• [WORK ORDER]
Pictures are to be excluded. Please print only the lines from the one containing "Finesse Peak Frameless" through the end of the data, exactly as they appear.

• [GIVEN MATERIAL]
Content starts

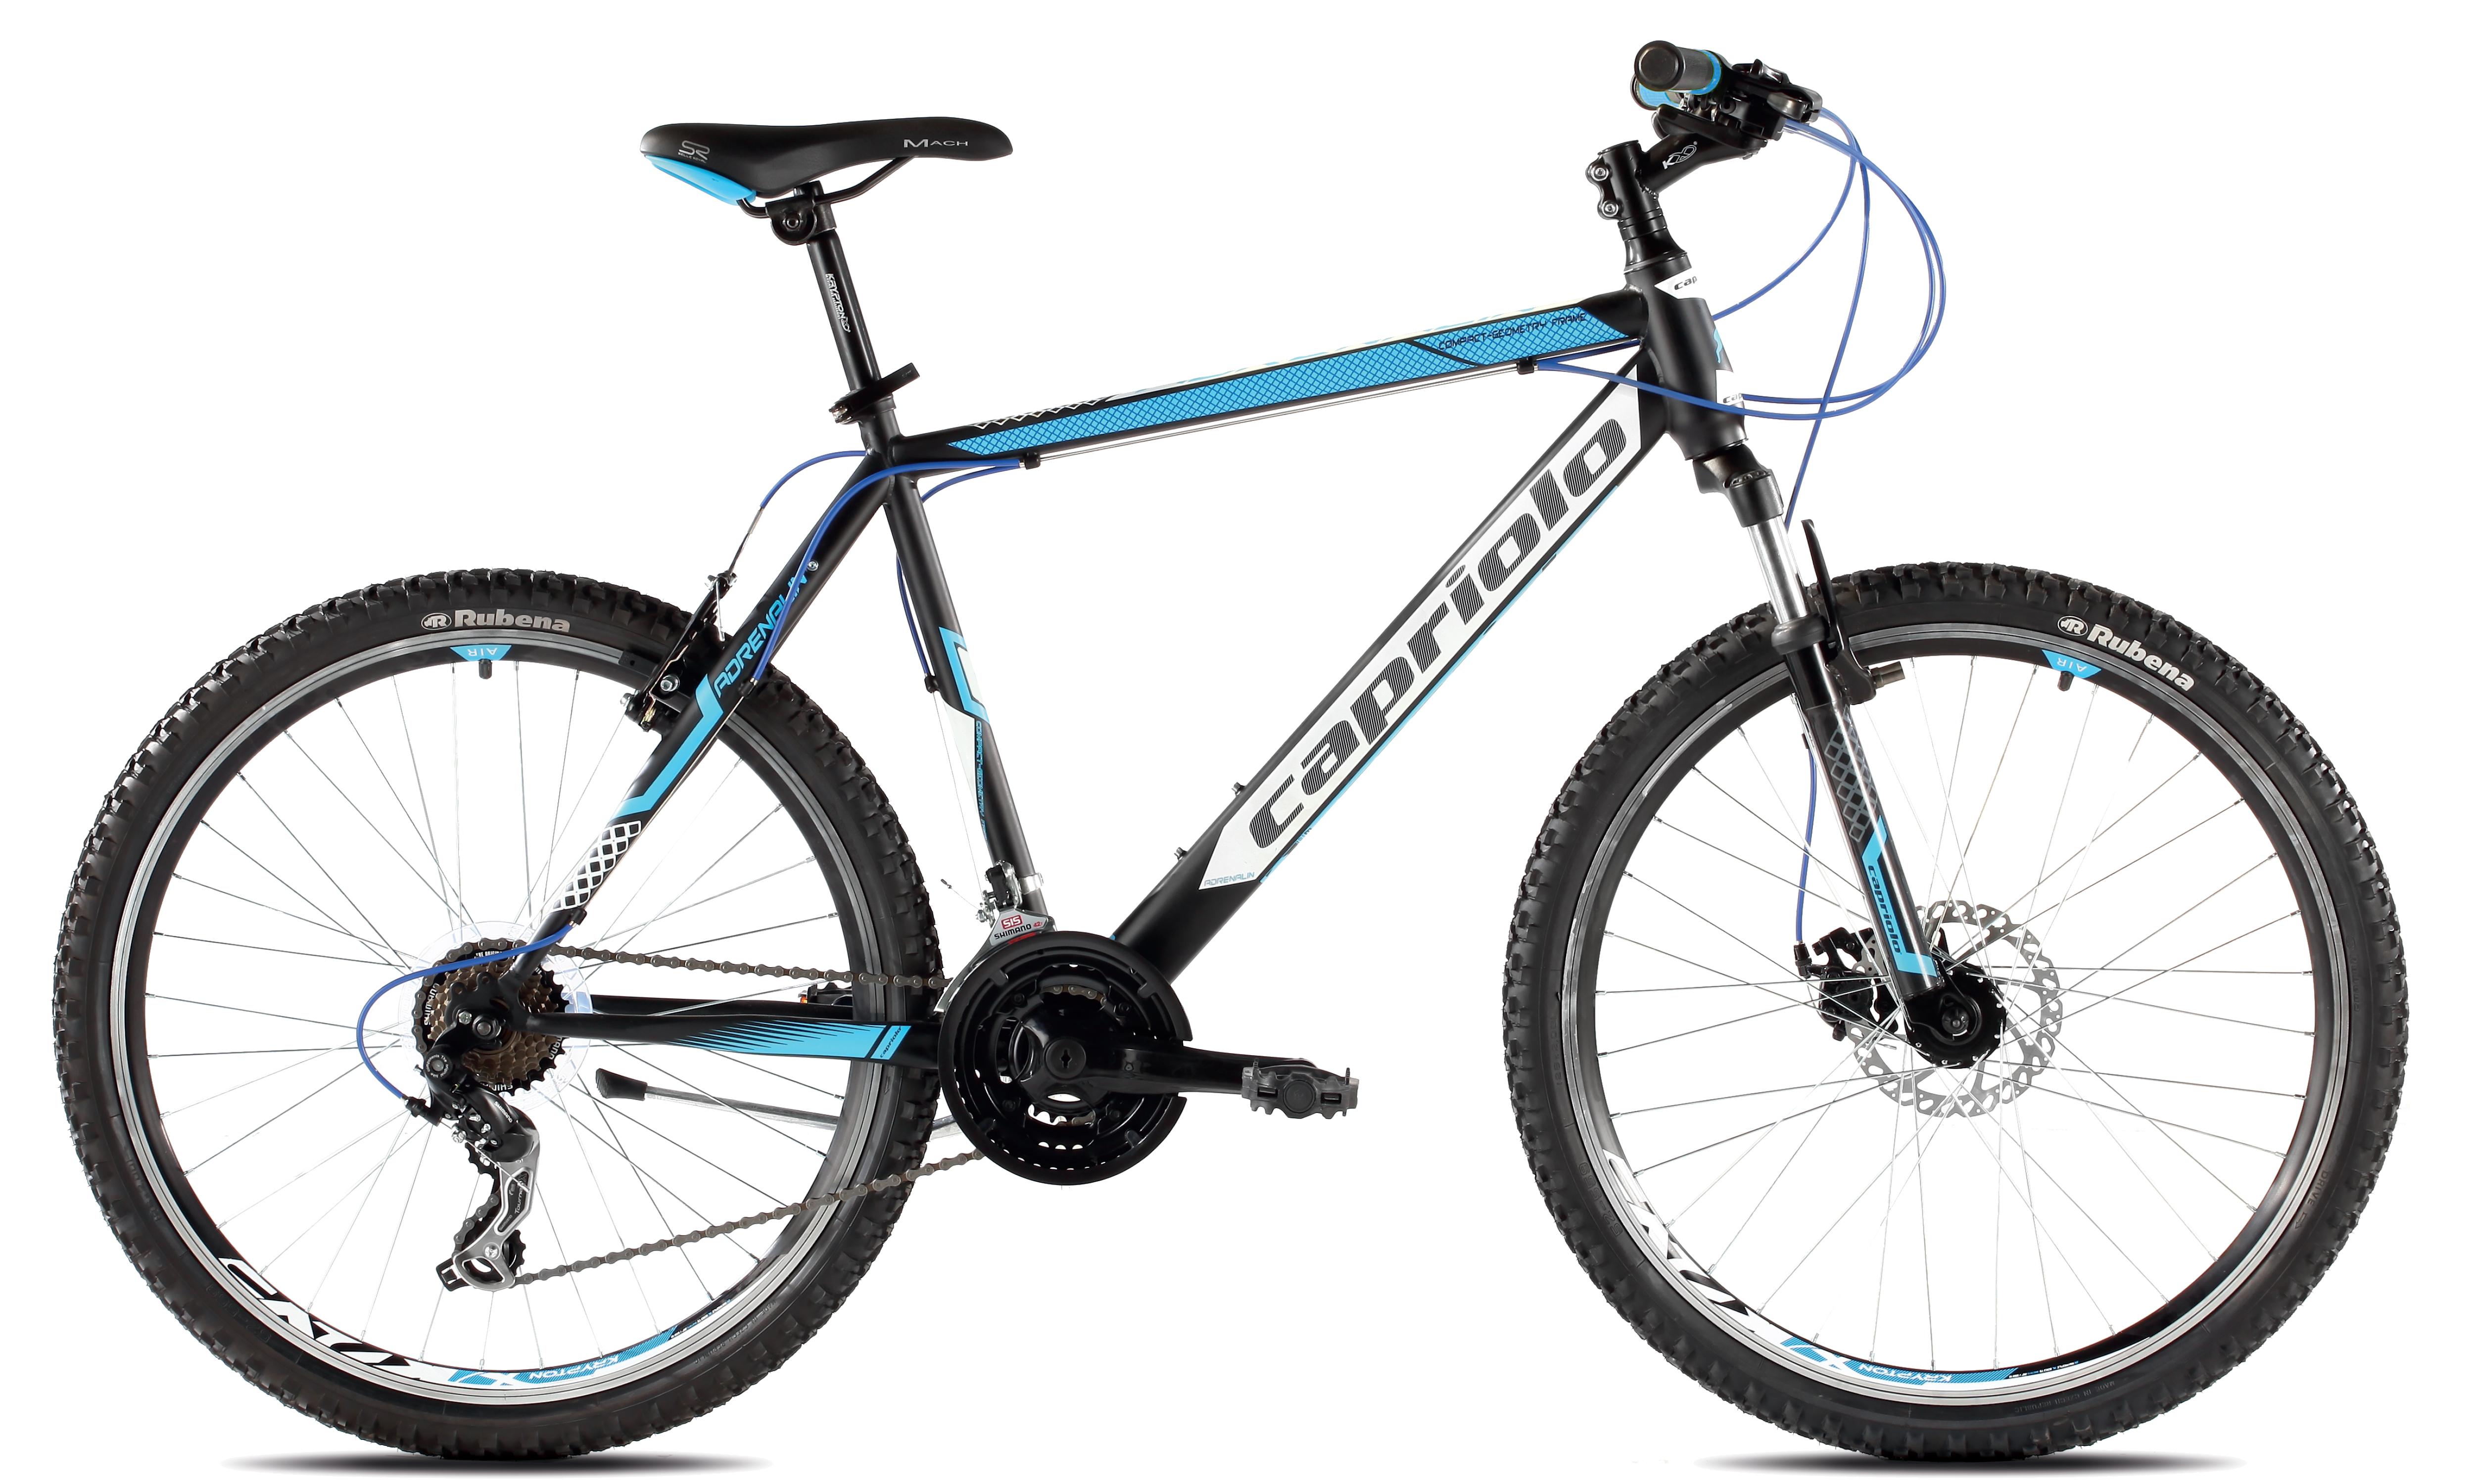 bicikl-capriolo-adrenalin-26-plavo-crna-2016-20
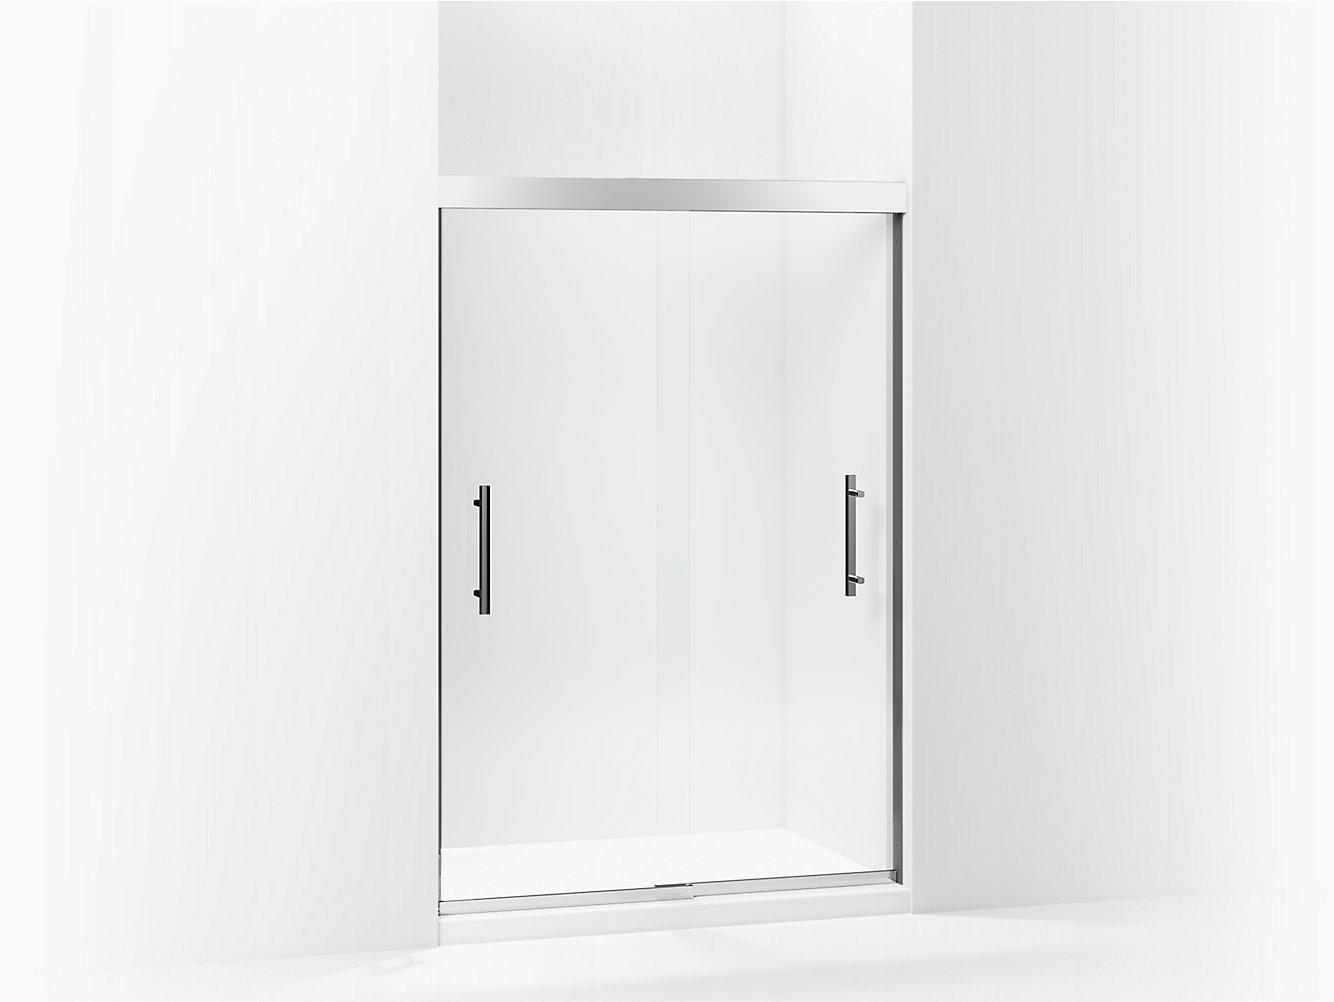 Finesse Peak Frameless Sliding Shower Door 44 5847 58 W X 70 1
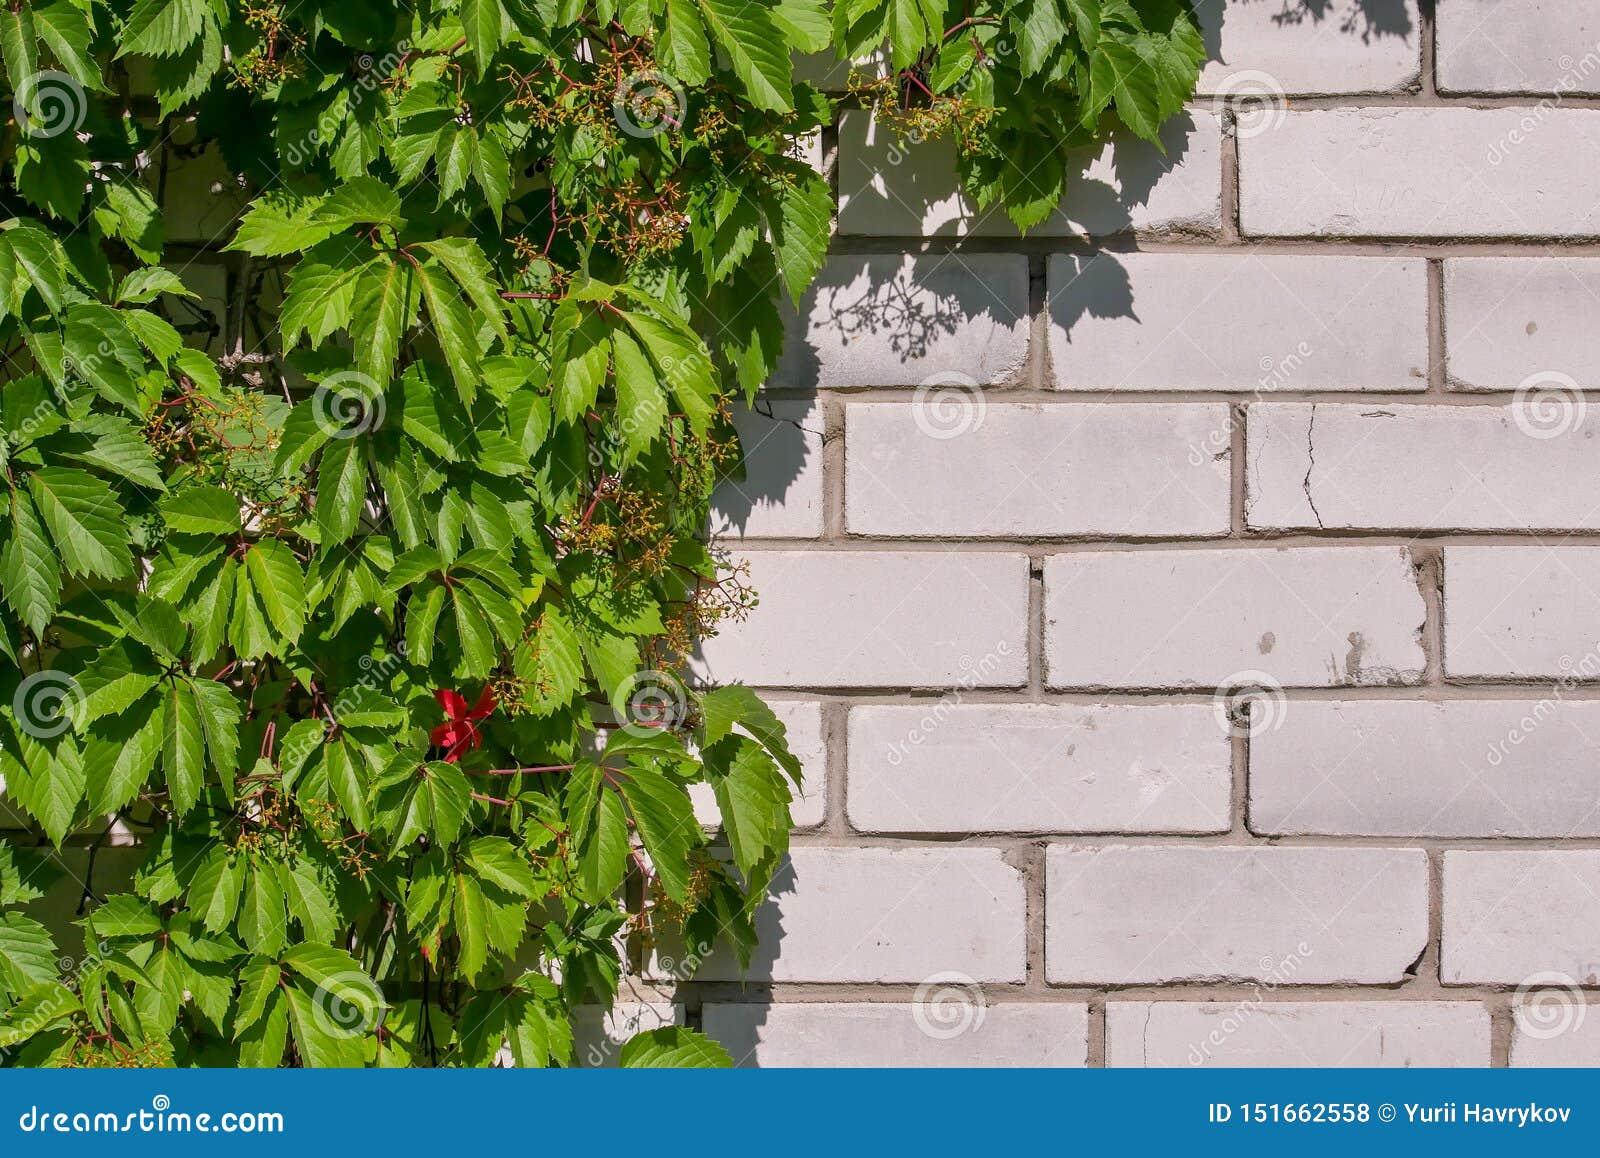 狂放的葡萄丛林在一个白色砖墙上的 绿色叶子自然本底  r

Content ends

• [SOLVED PROBLEM]
 Finesse Peak Frameless Sliding Shower Door 44 5847 58 W X 70 1
 狂放的葡萄丛林在一个白色砖墙上的 绿色叶子自然本底  r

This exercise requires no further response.